Voting reform is a distraction – there are more important battles for democracy
The Lib Dems (and others) are still hankering after proportional representation, but there are other struggles to be fought first, says John Rentoul
Two big constitutional changes are now paused while parliament is in recess until September. One is the bill giving the boundaries commissions their instructions for updating the map of UK constituencies for the next election. The other is the law to replace the Fixed-term Parliaments Act (FTPA), which is still at the consultation stage and hasn’t been published.
So before MPs and peers dispersed for August, they had a chance to take their constitutional hobby horses for a short canter around the paddock, when the House of Lords debated the Parliamentary Constituencies Bill this week, and when Chloe Smith, the constitution minister, gave evidence about the government’s policy on the FTPA to a Commons select committee last week.
Most enjoyable was the hereditary Earl of Clancarty explaining to the Lords on Monday why proportional representation is a good thing. He is a British and Irish peer, and also, as Marquess of Heusden, a member of the Dutch nobility, who is elected to sit in the upper house – by his fellow hereditary peers.
Menzies Campbell, the former leader of the Liberal Democrats, complained that it takes millions of votes to elect one Green MP and only a handful to elect an SNP one.
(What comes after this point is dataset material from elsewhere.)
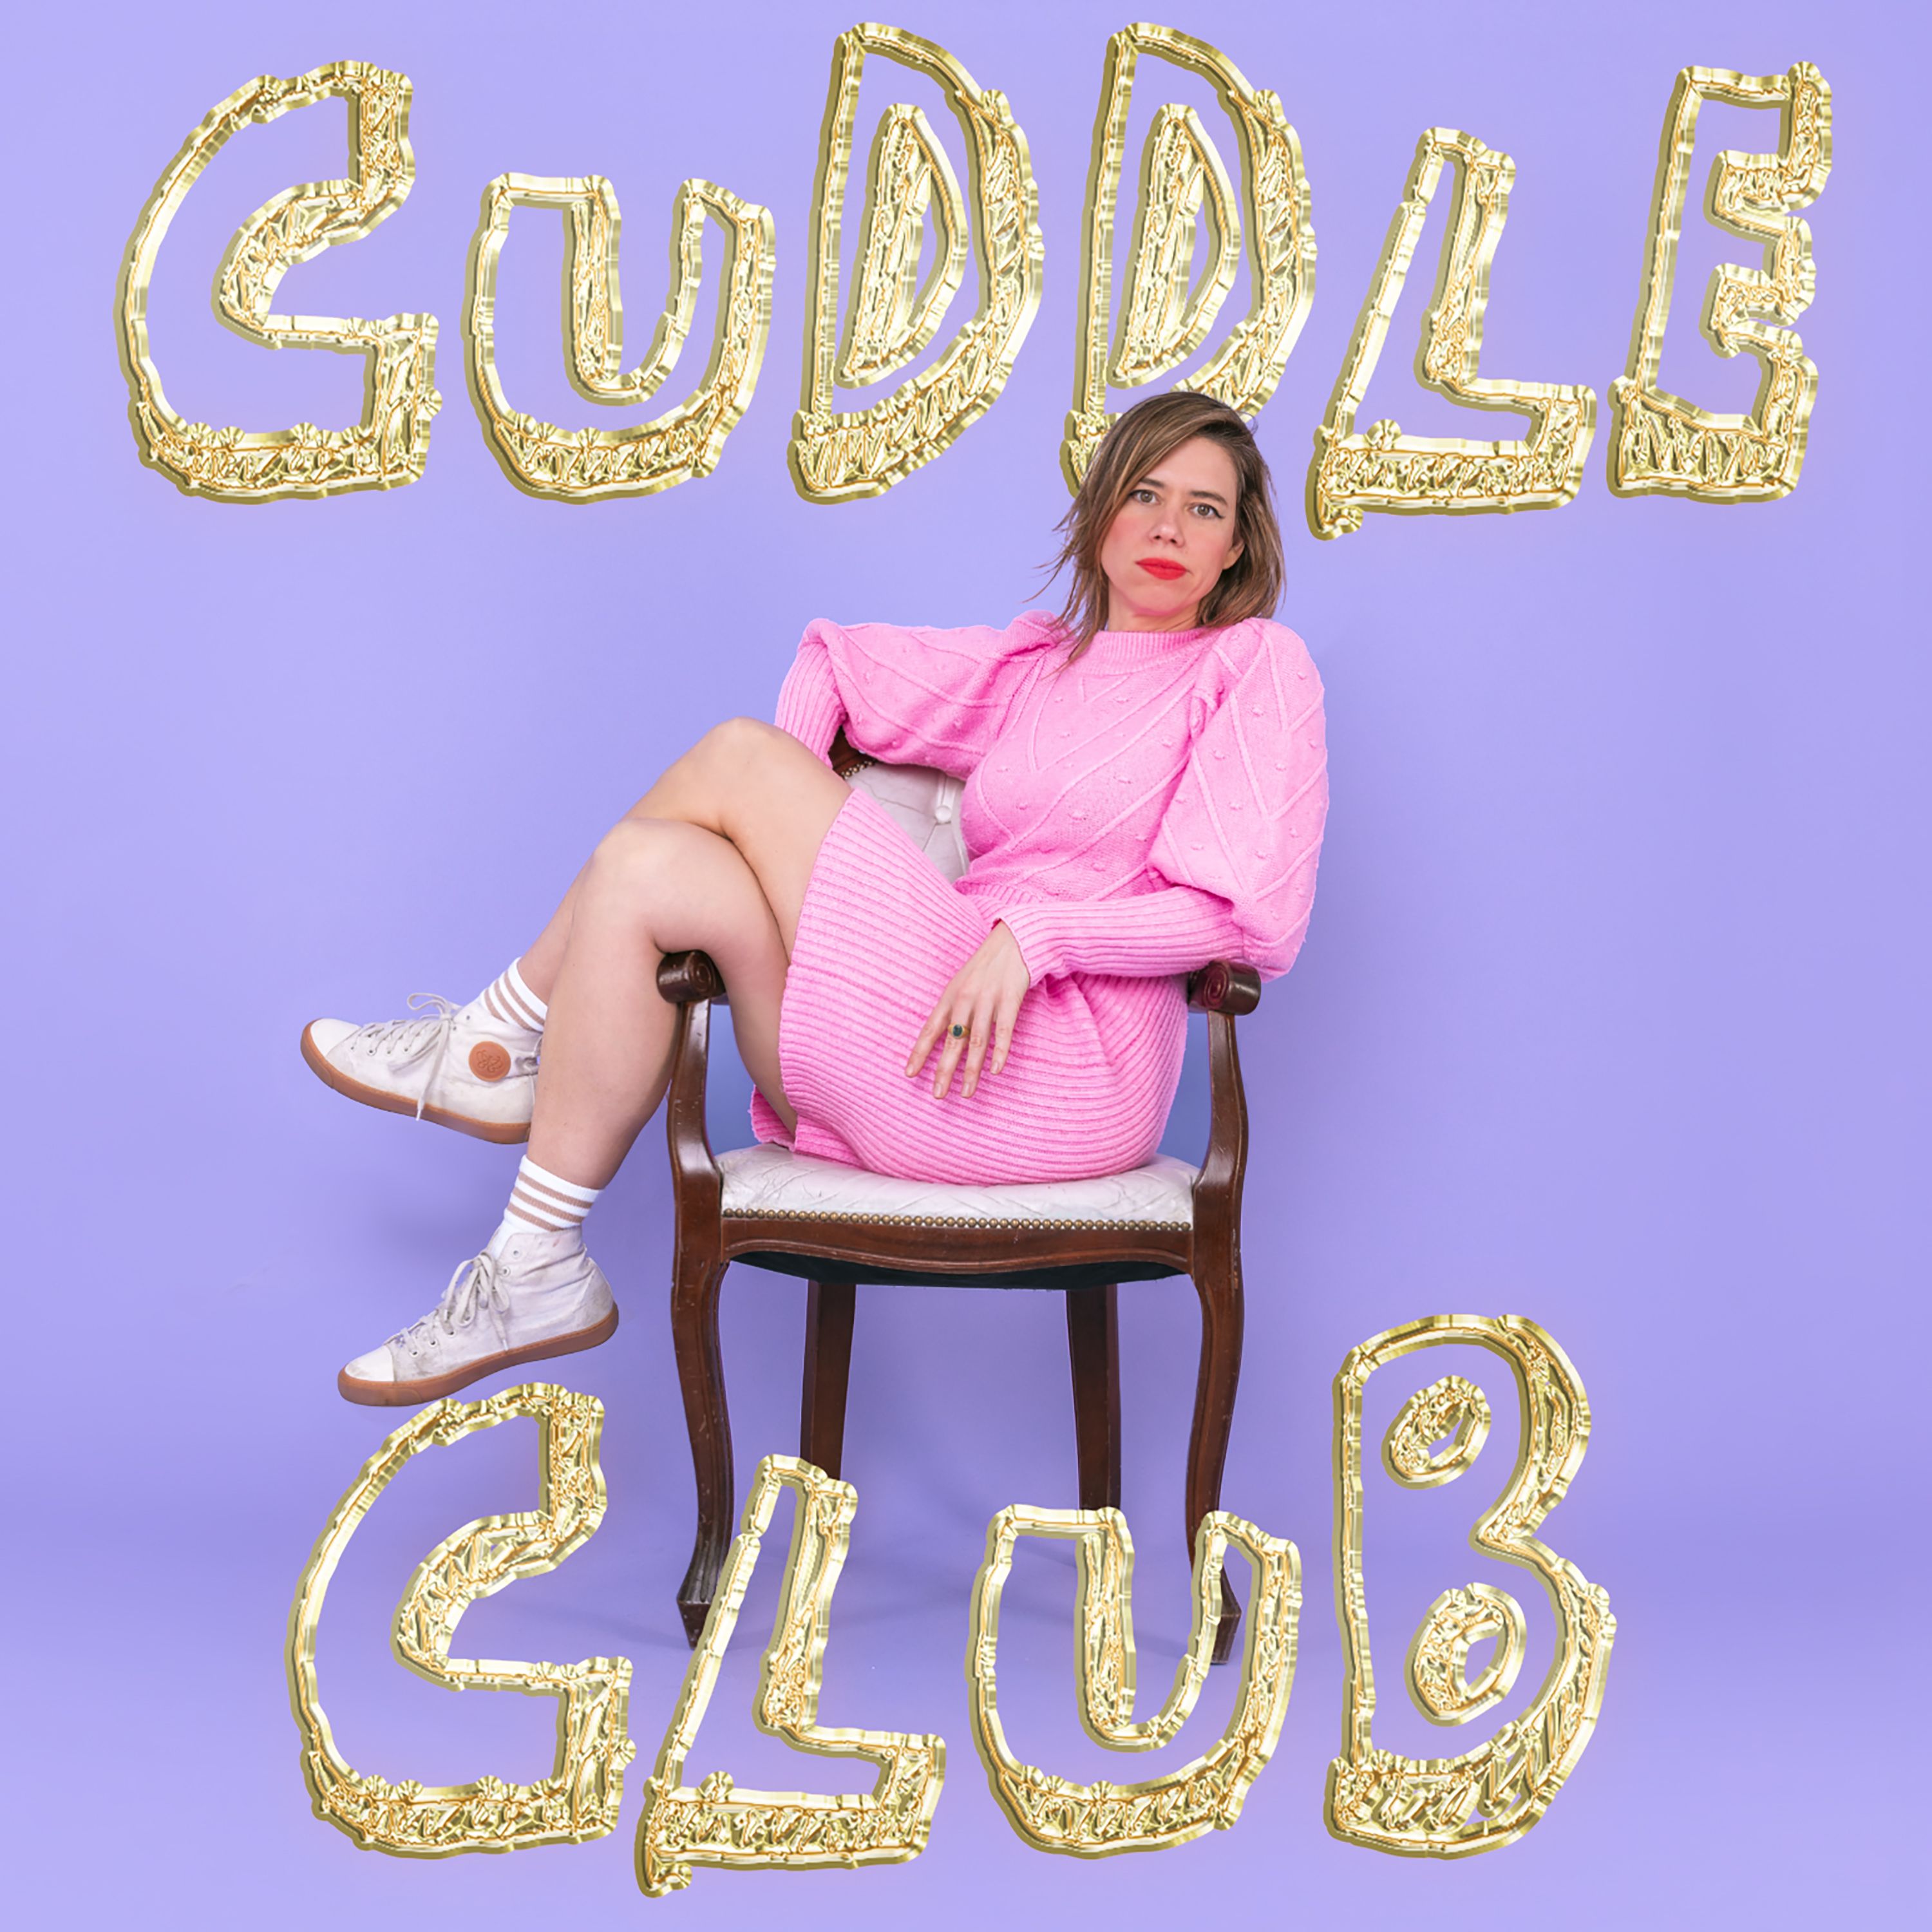 Ep 35: Sara Barron & Geoff Lloyd • Cuddle Club with Lou Sanders

Only Dafydd Wigley, the former leader of Plaid Cymru, thought to comment: “It is surely presumptuous that this unelected chamber should determine the electoral process.”
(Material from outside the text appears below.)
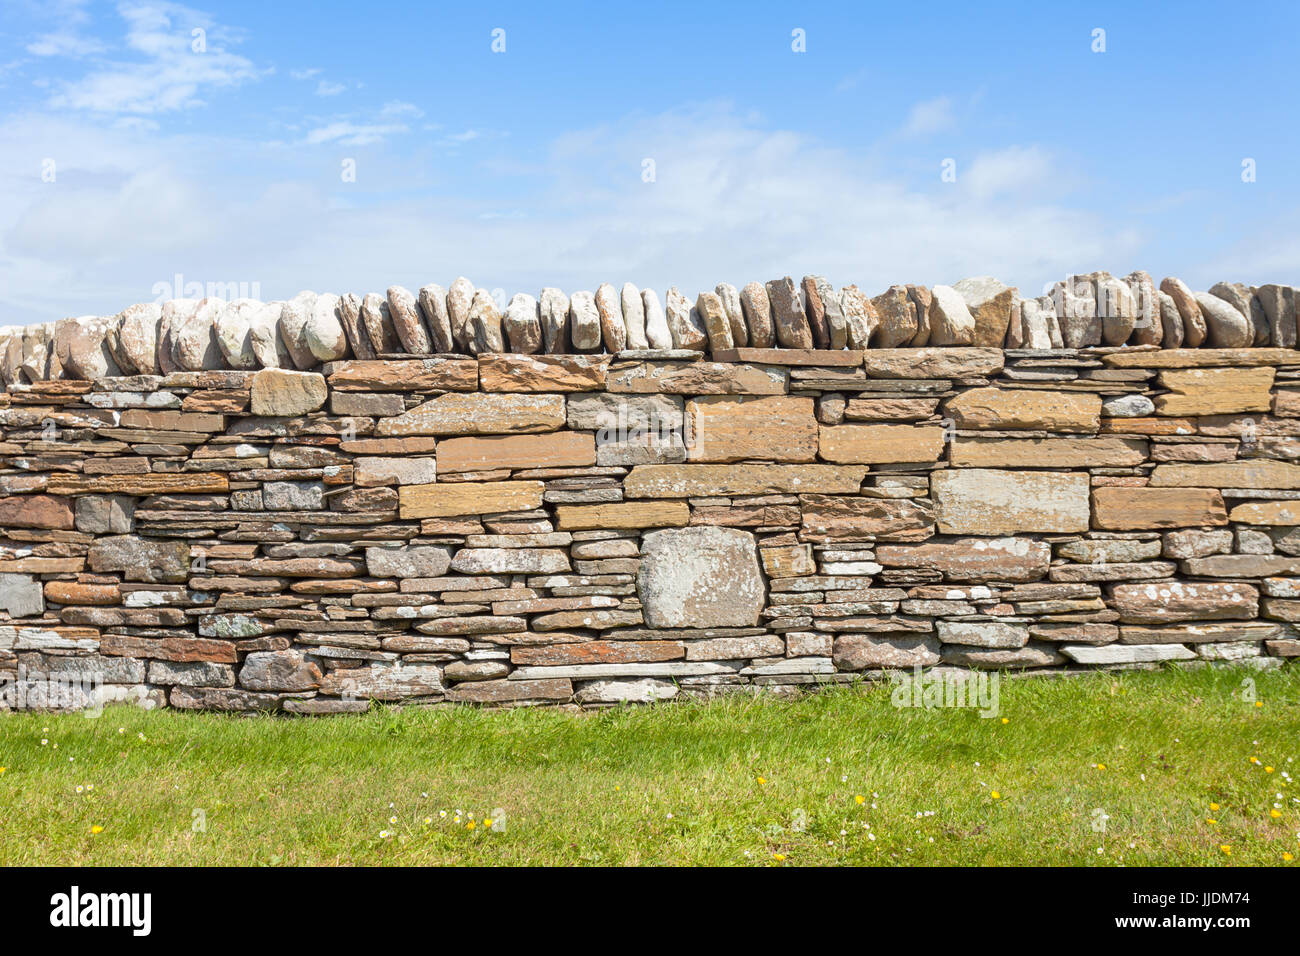 Drystone muro de piedra seca en Escocia con piedras y piedras tapado Foto de stock

Lord Wigley is right. Not only should the House of Lords not be discussing electoral systems, but politicians in the lower house shouldn’t waste their time with it either. Andrew Adonis, the Labour peer, said: “My strong advice to the Lib Dem benches is: ‘Do not go there.’” As he pointed out, any party that wants to change the voting system has to win an election under the existing system first. He went on to point out that, even then, a new system would probably need a referendum: we had one of those nine years ago and it didn’t go as the Lib Dems hoped.
Personally, I would say that the existing first-past-the-post system is easily the worst voting system in the world, apart from all the others. And if you can’t win a referendum to change it, it cannot be that undemocratic can it? To all those people who claim after the event that the 2011 referendum doesn’t count because the Alternative Vote (voting with numbers in order of preference) isn’t proportional representation, I would only say that the vote against change would have been even greater if the people had been offered the Single Transferable Vote in multi-member constituencies using the Droop quota.
Besides, there are more pressing questions of constitutional reform. One is the boundary review, which ought to sail through both houses of parliament on a whipped vote. Labour complains, unconvincingly, that it is an attempt to redraw the boundaries in the Tories’ favour – which it is, because population change has made the existing constituencies biased against them (Labour seats tend to have smaller populations). Labour can hardly oppose the principle that constituencies ought to be as equal in size as possible, although opposition peers did complain that the new rules allow less variation in constituency size, which means the boundary commissions will have to cut through natural “communities” more often.
What was surprising was the number of peers on Monday who criticised the government for dropping David Cameron’s plan to cut the number of MPs in the Commons from 650 to 600 – a pledge in the 2010 manifesto to “cut the cost of politics”. These peers might as well rail against the clouds. Cameron couldn’t do it because he couldn’t persuade Conservative MPs to vote to put their own seats at risk of being abolished. Boris Johnson has realised that, even with a big majority, he couldn’t do it either.
The most important constitutional battle is yet to come, however. That will be Johnson’s attempt to restore to the prime minister the right to decide the date of general elections, within a five-year maximum. That was the position before the Fixed-term Parliaments Act passed by the coalition in 2011, and Smith hinted to MPs last week that the government intended to “return to more flexibility to deal with unexpected circumstances”.
It will be interesting to see whether the House of Commons, which voted to set the dates of the last two elections, will be willing to yield that power back to the prime minister. I suspect that might be an issue on which Johnson’s notional majority of 78 might be smaller than it seems.